Recent Fridays have become downright celebrator­y. They even manufactur­ed an extra, early Friday, last Friday week, where they told us the things they would be telling us the following Friday. Then last week, they threw in an extra Thursday for good measure, just to reconfirm the things they had told us the previous Friday. By Thursday, the outgoing Taoiseach was looking increasing­ly relaxed, his hair grown out as he faced into his gap year from being Taoiseach. We wouldn’t have been surprised if he was wearing woven friendship bracelets around his wrist or a ‘Connell from Normal People’ chain. He even threw in air bridges for good measure.

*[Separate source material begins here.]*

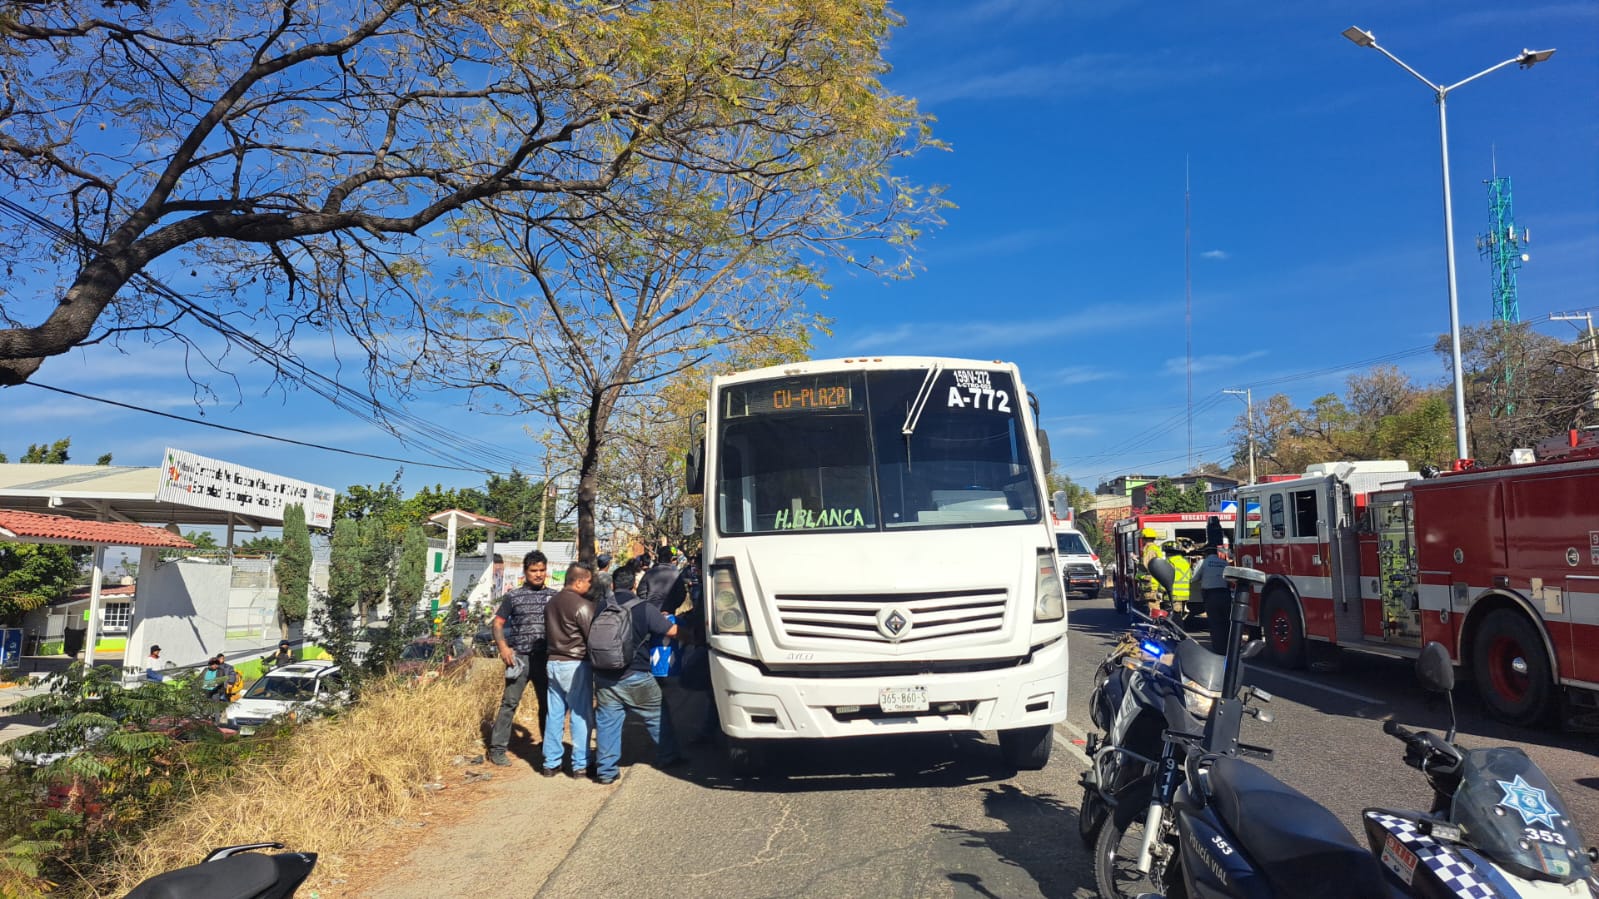 El camión impactado pertenece a la empresa Urbanos de la Ciudad de Oaxaca S. A. y era conducido por Anibal R. C. Foto: Jorge Pérez.

It’s unclear if the CMO was totally on board with the air bridges. He stood there at his plinth as usual and didn’t openly heckle the Taoiseach, but he has certainly made it clear since then where we can shove our air bridges, or any idea of foreign holidays. Air bridges could be just a great myth doing the rounds right now to keep us subdued. Boris is promising air bridges, too, and the poor Brits think they’re off to Spain, when in fact the best they can hope for is probably Brazil or Sweden.

Leo also got to be the one to open the restaurant­s and some bars. We all love talking about reopening bars or restaurant­s. Mind you, most people won’t actually go to them, but we will be dying to hear from those who do. We’re told Ireland has the world’s first vaccine. Apparently, having done various tests, on toasted sandwiches, fish and chips and baskets of chicken wings, scientists here have discovered that a substantia­l meal worth nine quid is an effective Covid vaccine.

Friday just gone will be hard to follow. We needed a showstoppe­r and we got it, in the form of three-quarters of the Greens, the end of the Civil War, and an actual elected Government, another one of those things we used to take for granted.

But Micheal Martin will want his Fridays, too. Maybe we should keep up the Friday check-in, where the Taoiseach gets up each week and offers up some good news. And maybe the CMO should come and stand there next to him, to lend it a bit of gravitas.

We can only hope, as people decide that the end of lockdown means the end of Covid, when in fact it means we need to be even more careful, that the next Freaky Friday is not a badnews one.